# Diskette kann nicht gelesen werden



## r00k1e (5 Februar 2008)

Hallo,

mir sind da ein paar Disketten in die Finger gekommen und ich möchte nun die Daten welche noch drauf sind auf eine CD brennen. Versuche ich nun die Disketten im explorer zu öffnen, sagt mir dieser, dass die Disketten nicht formatiert sind.
Gibt es eine möglichkeit die Daten zu retten ohne, dass ich die Disketten formatieren muss?


Besten Dank an alle im voraus

Es Grüsst
Mathias


----------



## vladi (5 Februar 2008)

*Disketten*

Hi,
wenn der Explorer die Disks nicht lesen kann  , nicht gut. Wenn du sie
formatierst, dann sind die nacher sowieso leer.
1) Versuch: auf ältere PCs probieren, evtl. mit Win 98 oder DOS.
2) Es gibt Datenrettungssoftware, z.B. vom "O&O", kostet aber. Mit einer
Demoversion kann man probieren, ob da überhaupt was zu retten ist.

Gruss: Vladi


----------



## vierlagig (5 Februar 2008)

achtung, Gegenfrage, aber nur so gehts 

Hast du schon versucht, die Disketten an einem anderen Rechner zu öffnen?
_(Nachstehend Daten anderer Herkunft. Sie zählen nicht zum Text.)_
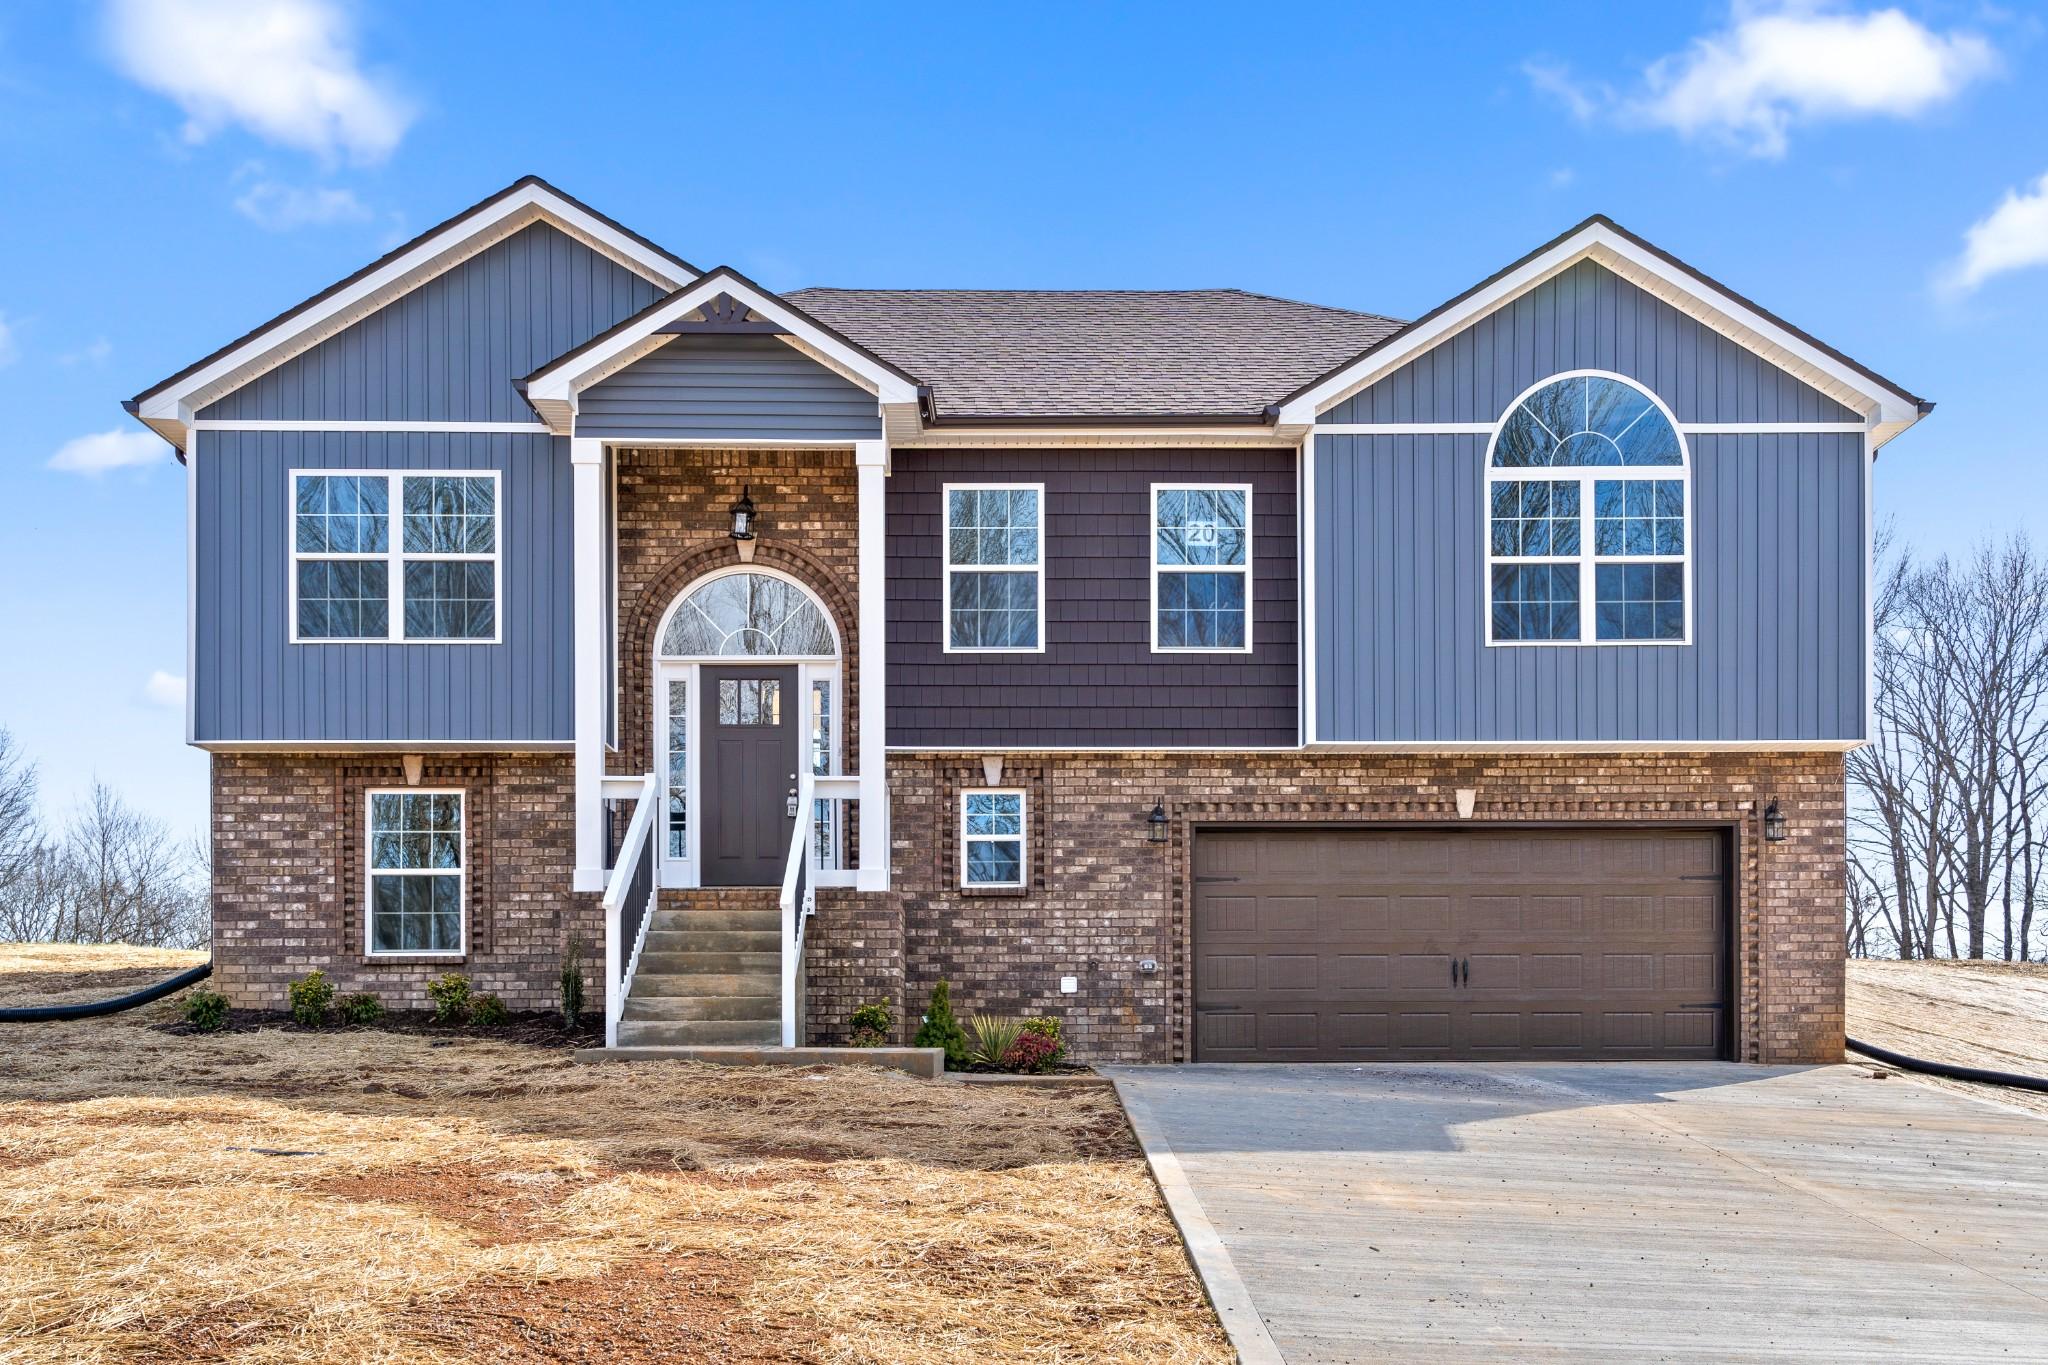 1224 Rich Ellen Drive, Clarksville, TN 37040 - Clarksville, TN real estate listing

... ansonsten gibt es diverse Leute, die gute Erfahrungen mit *PC Inspektor* gemacht haben ...


----------



## argv_user (5 Februar 2008)

*Wenn Du Simatic-Disketten meinst*

Besorg Dir ein Knoppix und boote von CD.
Dann kopier die Disketten einzeln mit dd auf die
Platte. Das klappt auch oft mit CP/M-Disks.


----------



## vierlagig (5 Februar 2008)

simatic-disketten? ... hab ich was verpaßt ... sach mal r00k1e, sind die disketten gelb?


----------



## r00k1e (5 Februar 2008)

Hallo an alle!

Besten dank für die Tipps bis jetzt. Das Recovery Tool bin ich gerade am Testen, hat aber noch nicht den gewünschten erfolg gebracht.
Es sind keine gelben Siemens Disketten. Auf den Disketten befinden sich Parameter und Programme von einem NC- Drehbank.
Die Knoppix- Lösung kann ich erst heute abend auprobieren, werde euch aber auf dem laufenden halten.

Es Grüsst
Mathias


----------



## argv_user (5 Februar 2008)

Wenn es darum geht, solche Disketten zu sichern,
dann sollte es dd oder ein anderes Tools zum Abspeichern
von Disk-Images tun.
An den Inhalt kommst Du eventuell nicht ran,
hast aber eine Kopie, die auf eine andere Diskette übertragen
werden kann (zB mit dd).

Das setzt voraus, dass die Floppy fehlerfrei gelesen werden konnte.


----------



## r00k1e (7 Februar 2008)

*Zwischenbericht*

Wie versprochen hab'  ich euch hier mal einen kleinen zwischenbericht:

Als erstes abe ich das PC Inspector Recovery Tool auprobiert, hatte aber keinen Erfolg. Ich hatte eine leere Diskette mit einem Textfile beladen, anschliessend Quickformatiert und das Tool zu Werke gehen lassen. Das Tool fand ca. 20 Dateien (exe; mp3; doc) doch keine Textfile.
Dann habe ich es noch mit Knoppix versucht, dieses konnte aber die Diskette auch nicht lesen. Zum dd befehl habe ich aber noch einige Fragen:
- wo wird das abbild hinkopiert?
- kann ich mit dem gleichen befehl ein abbild auf eine Diskette zurückschreiben?

mit Gruss
Mathias


----------



## argv_user (7 Februar 2008)

r00k1e schrieb:


> Zum dd befehl habe ich aber noch einige Fragen:
> - wo wird das abbild hinkopiert?
> - kann ich mit dem gleichen befehl ein abbild auf eine Diskette zurückschreiben?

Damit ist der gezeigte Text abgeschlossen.